_EXERCISE GOAL:_ Everything from the line holding "Hobo Dyer Map: Amazon.de: Fremdsprachige" to the last line of the material below must be retyped exactly, minus any pictures.

[SUPPLIED MATERIAL — start]

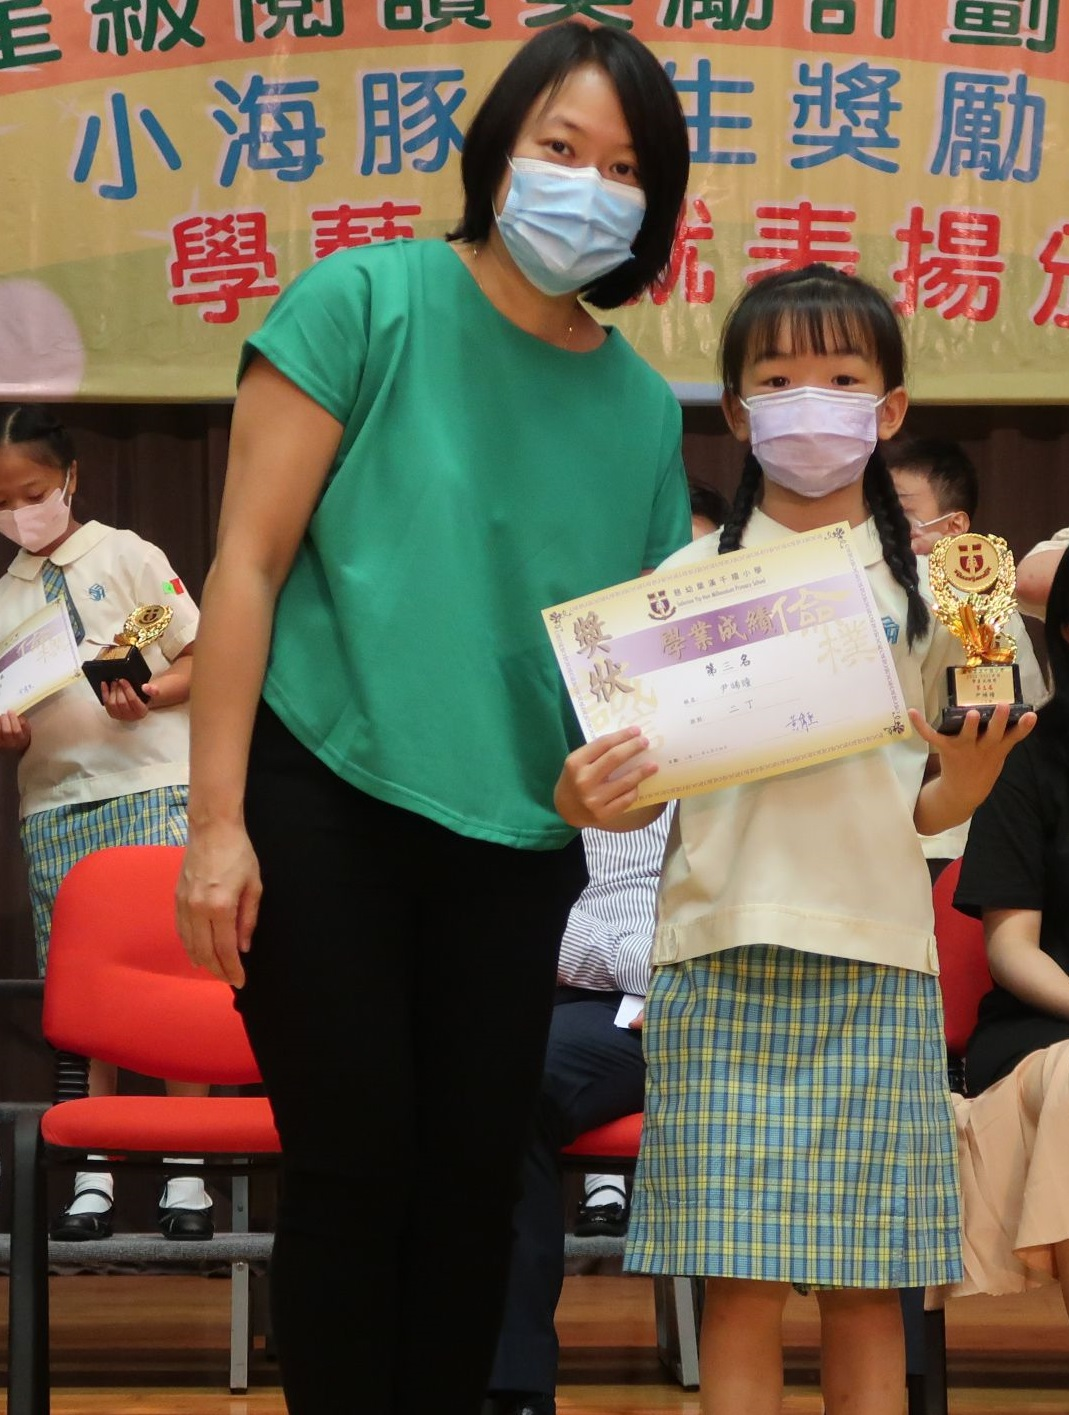 https://syh.edu.hk/sites/default/files/img_5418.jpg
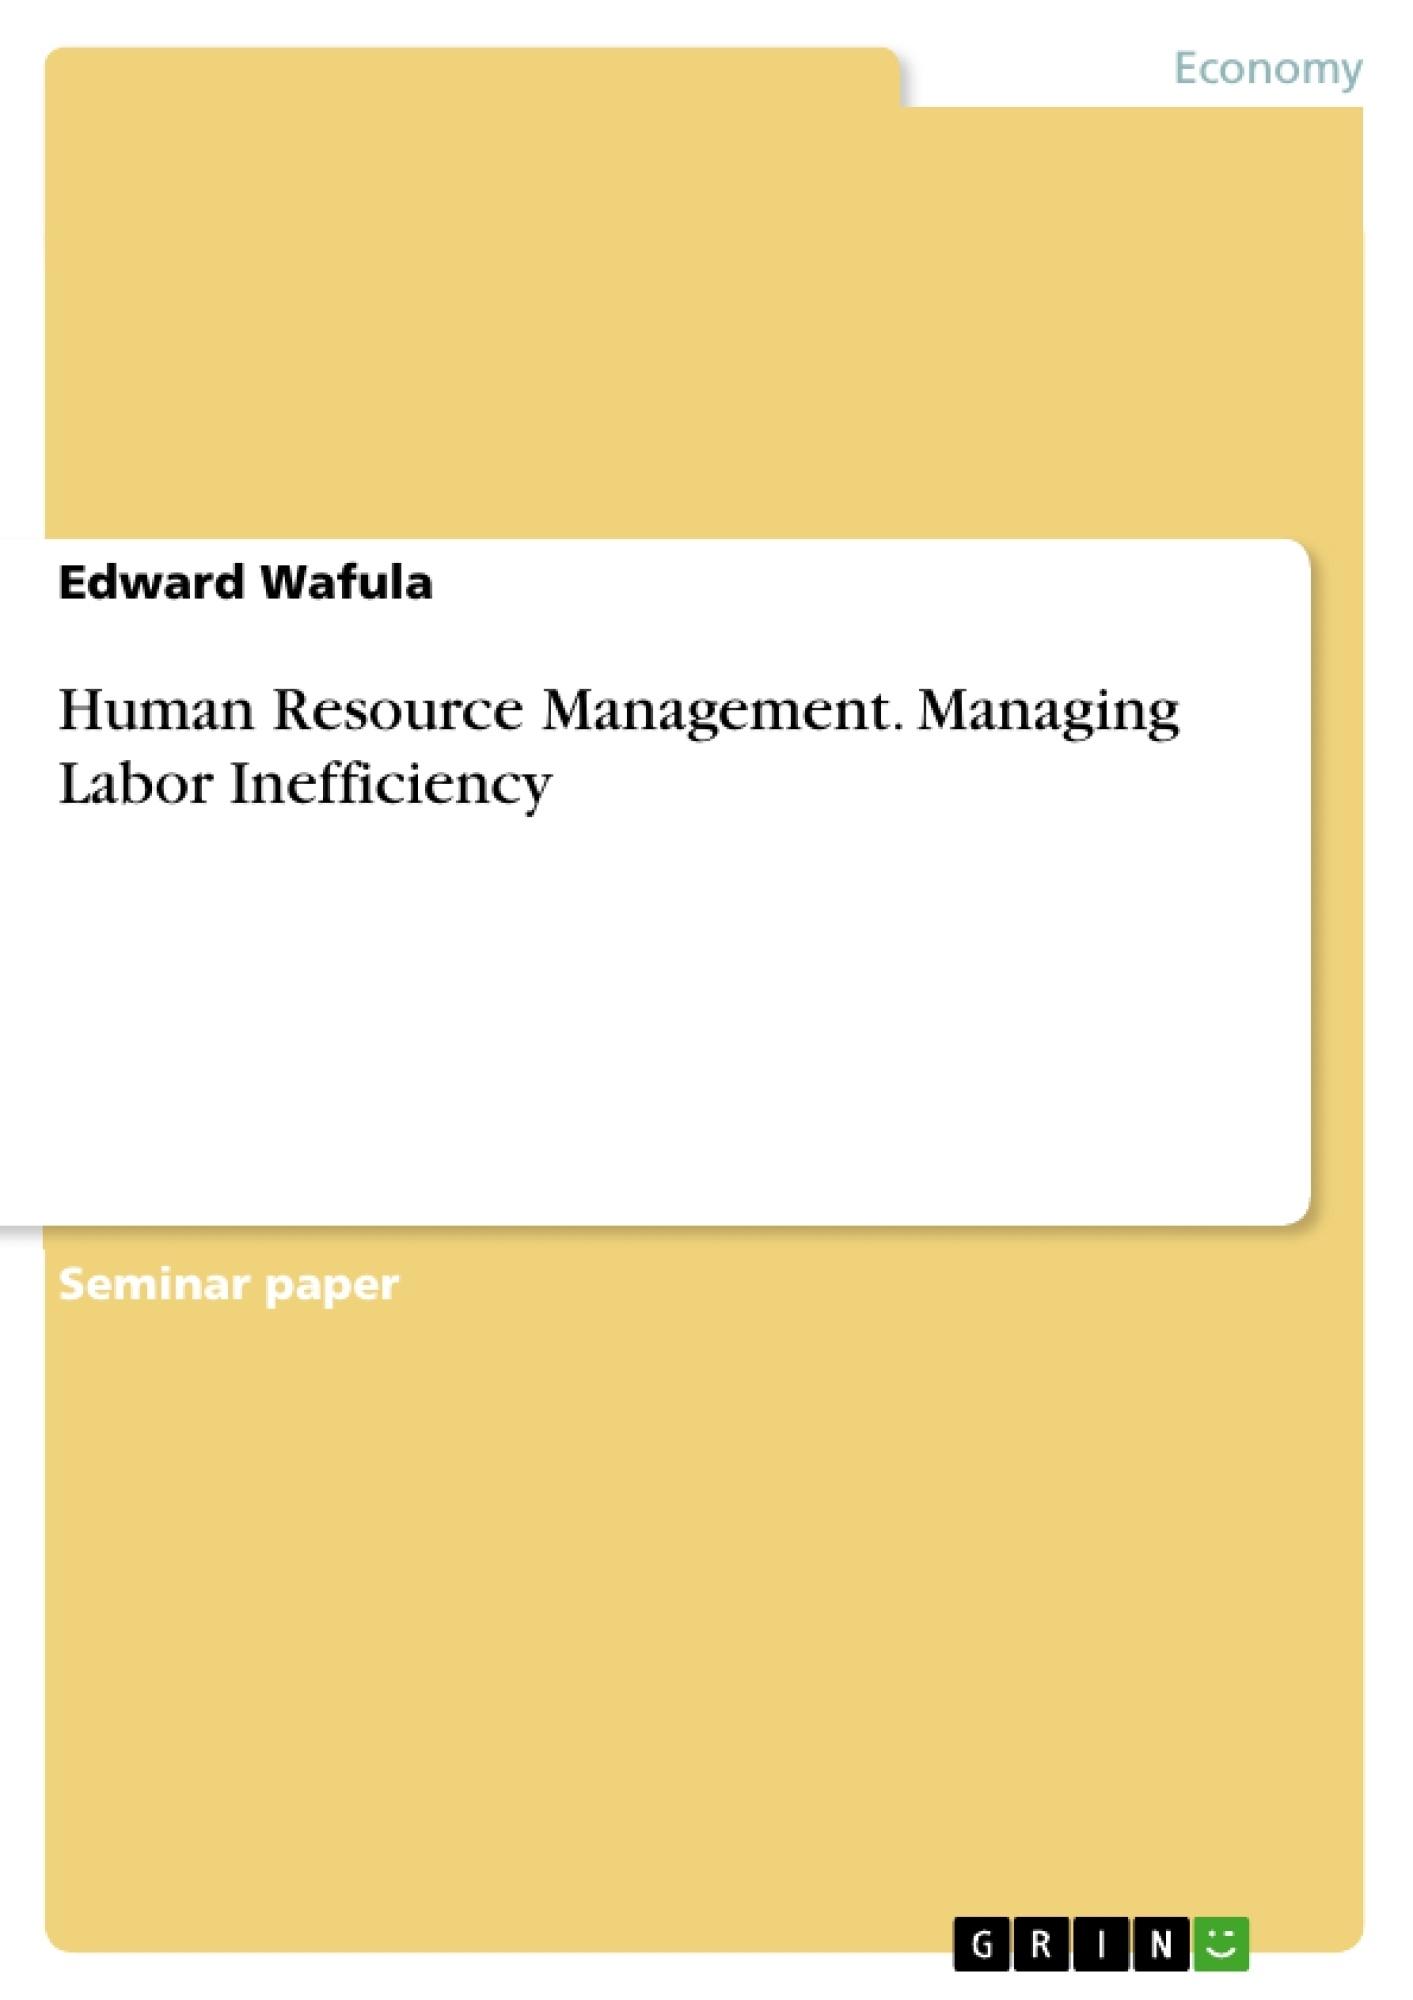 Title: Human Resource Management. Managing Labor Inefficiency
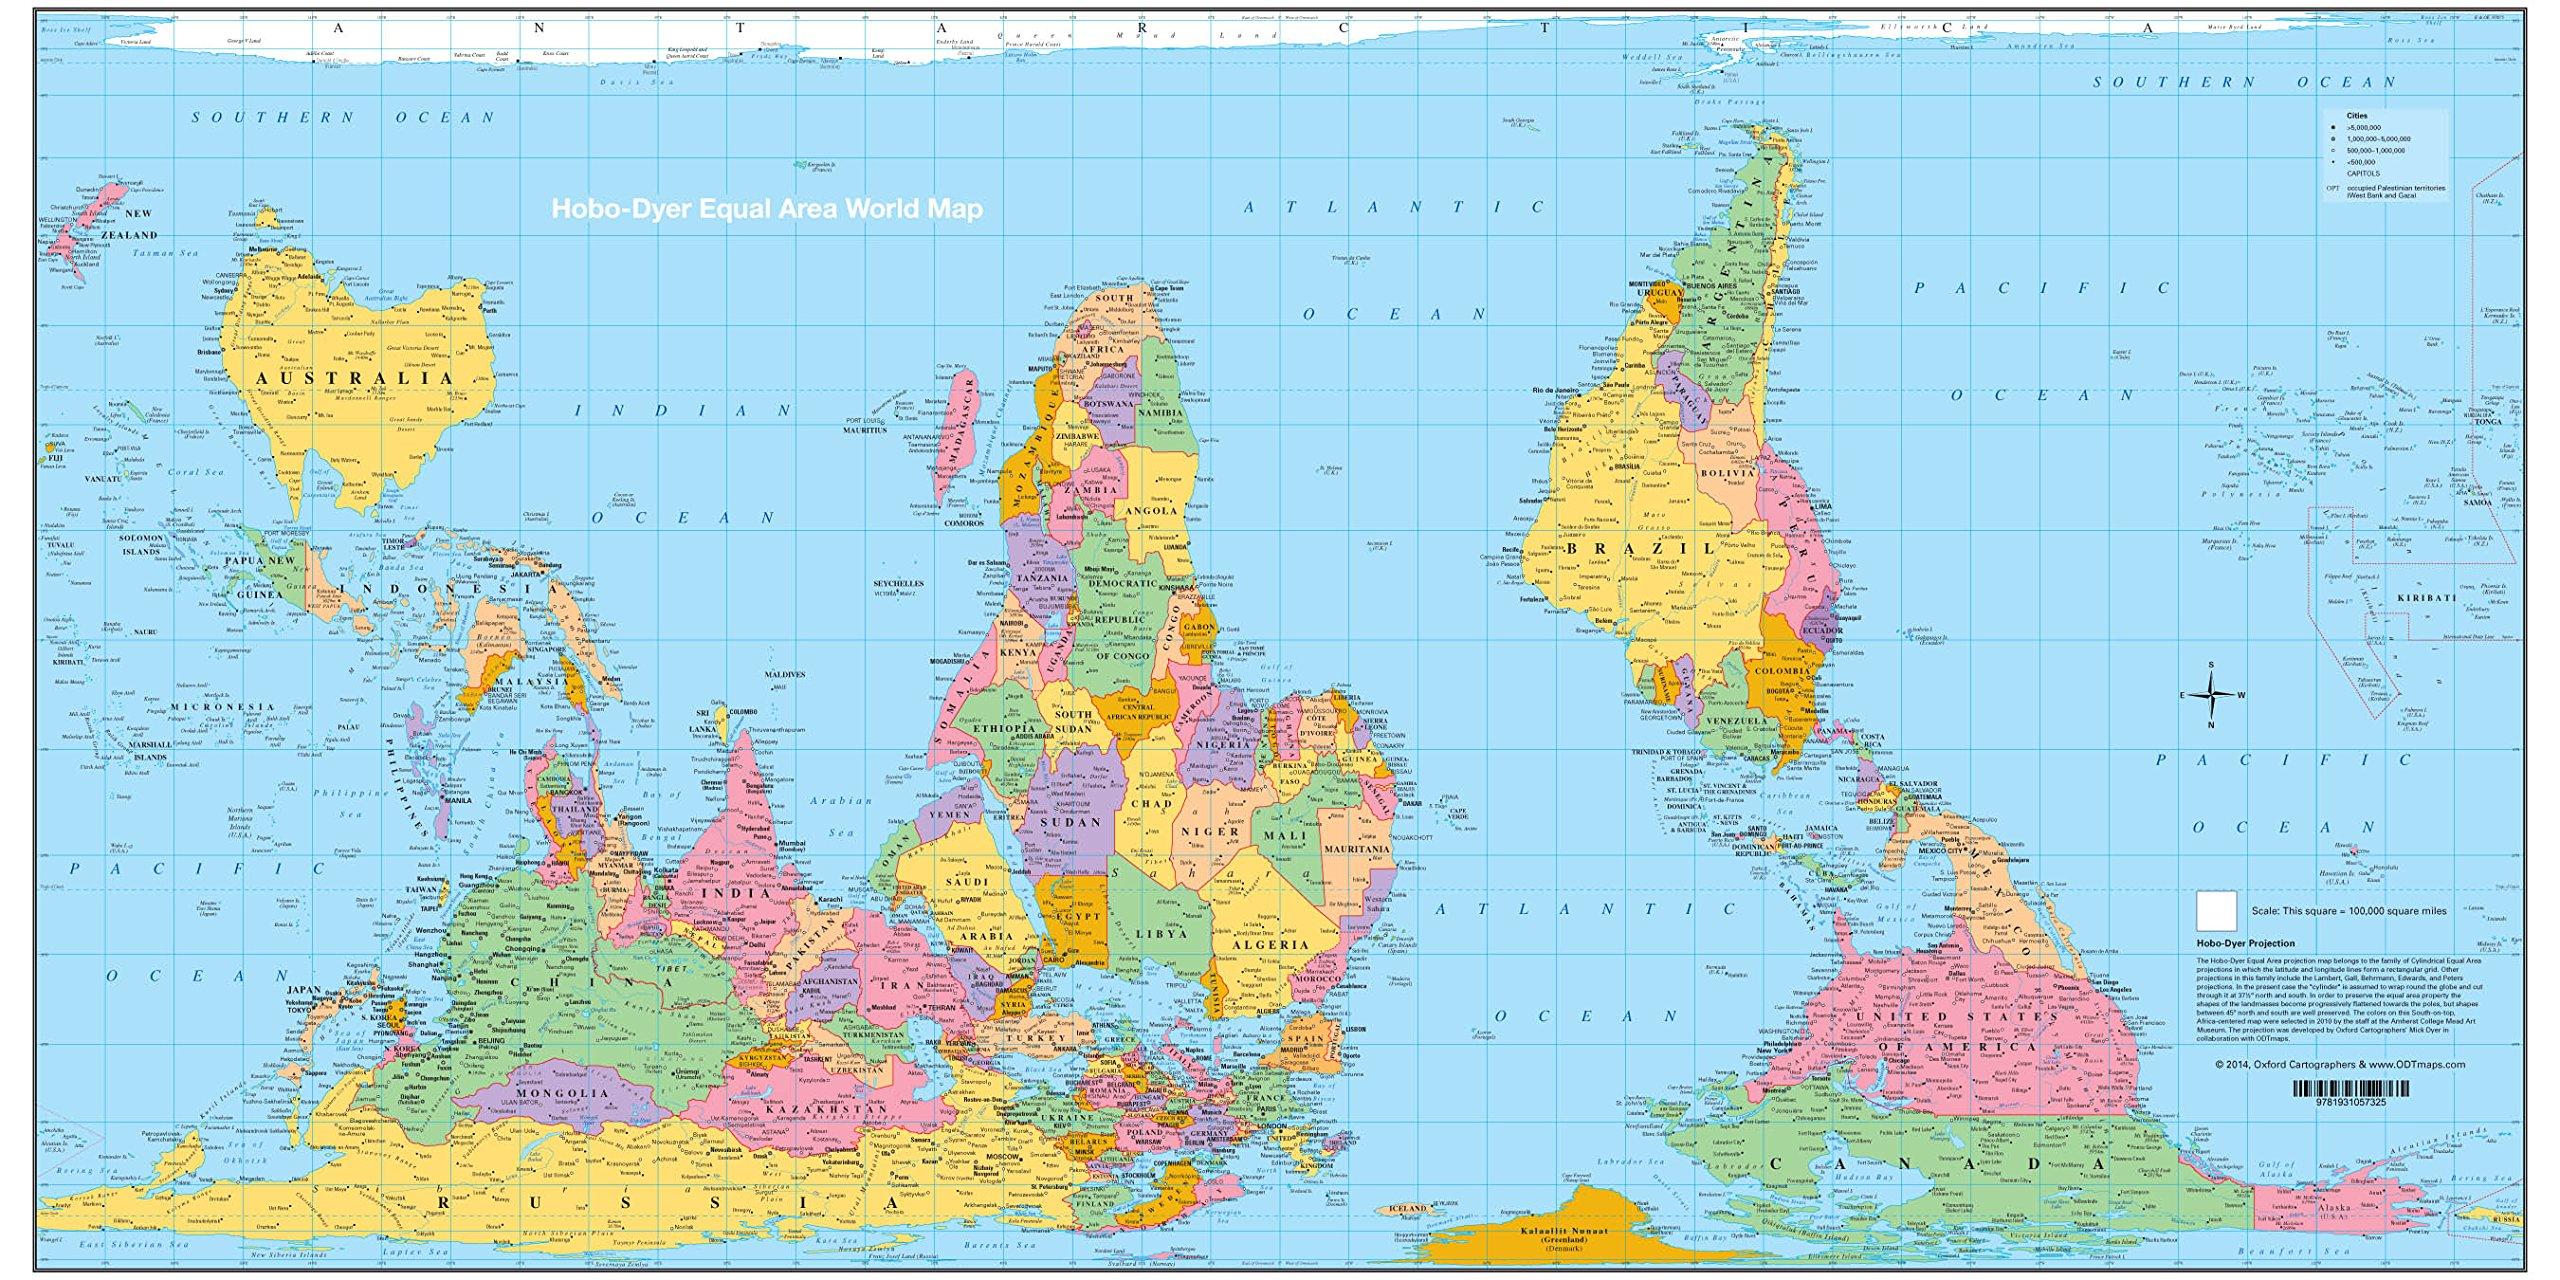 Hobo Dyer Map: Amazon.de: Fremdsprachige Bücher
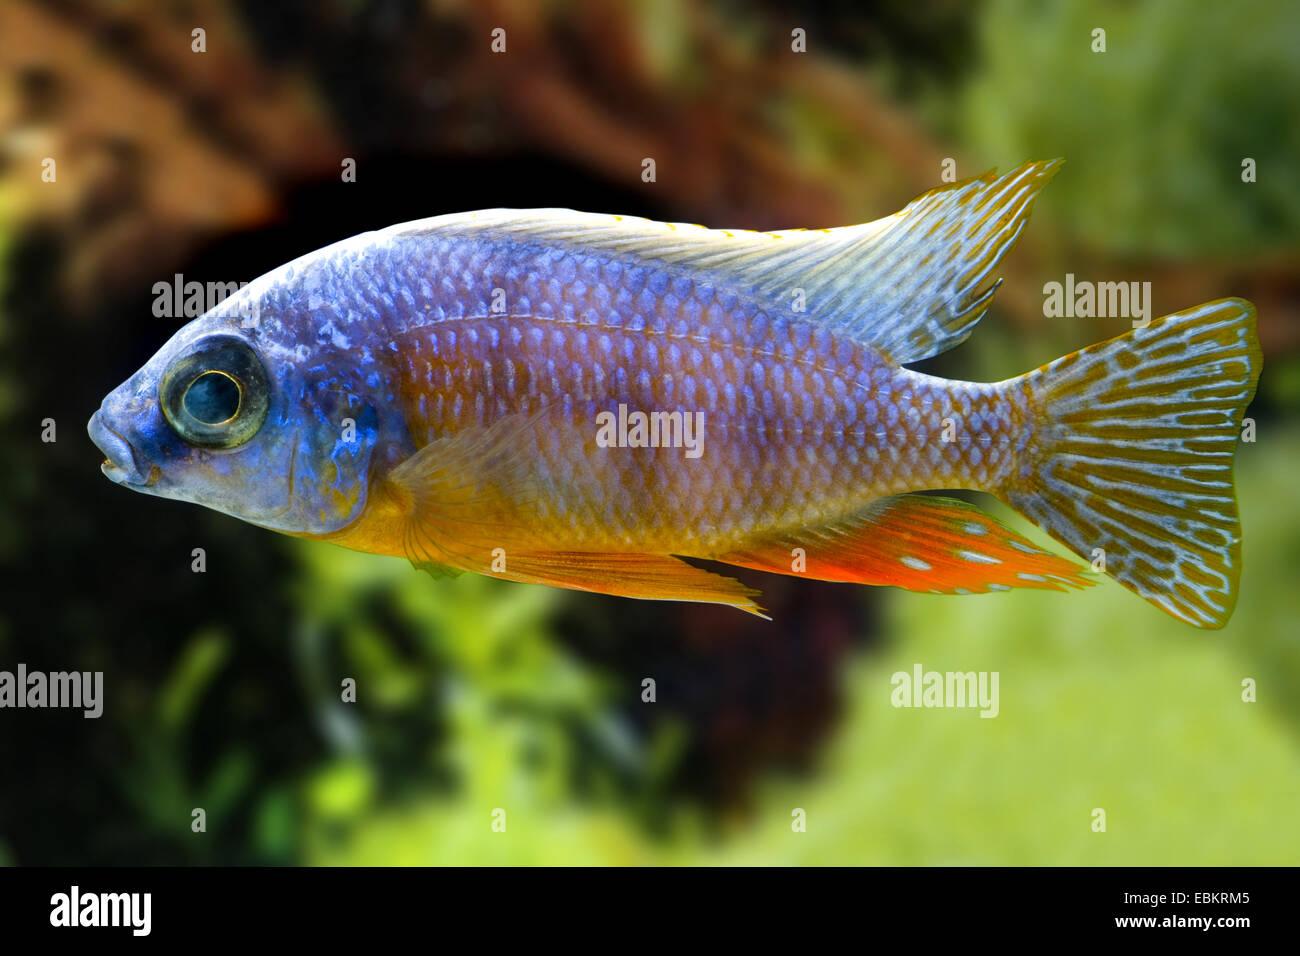 Malawi Cichlid (Protomelas steveni), swimming - Stock Image

[SUPPLIED MATERIAL — finish]

_YOUR SOLUTION:_
 Hobo Dyer Map: Amazon.de: Fremdsprachige Bücher
 Malawi Cichlid (Protomelas steveni), swimming - Stock Image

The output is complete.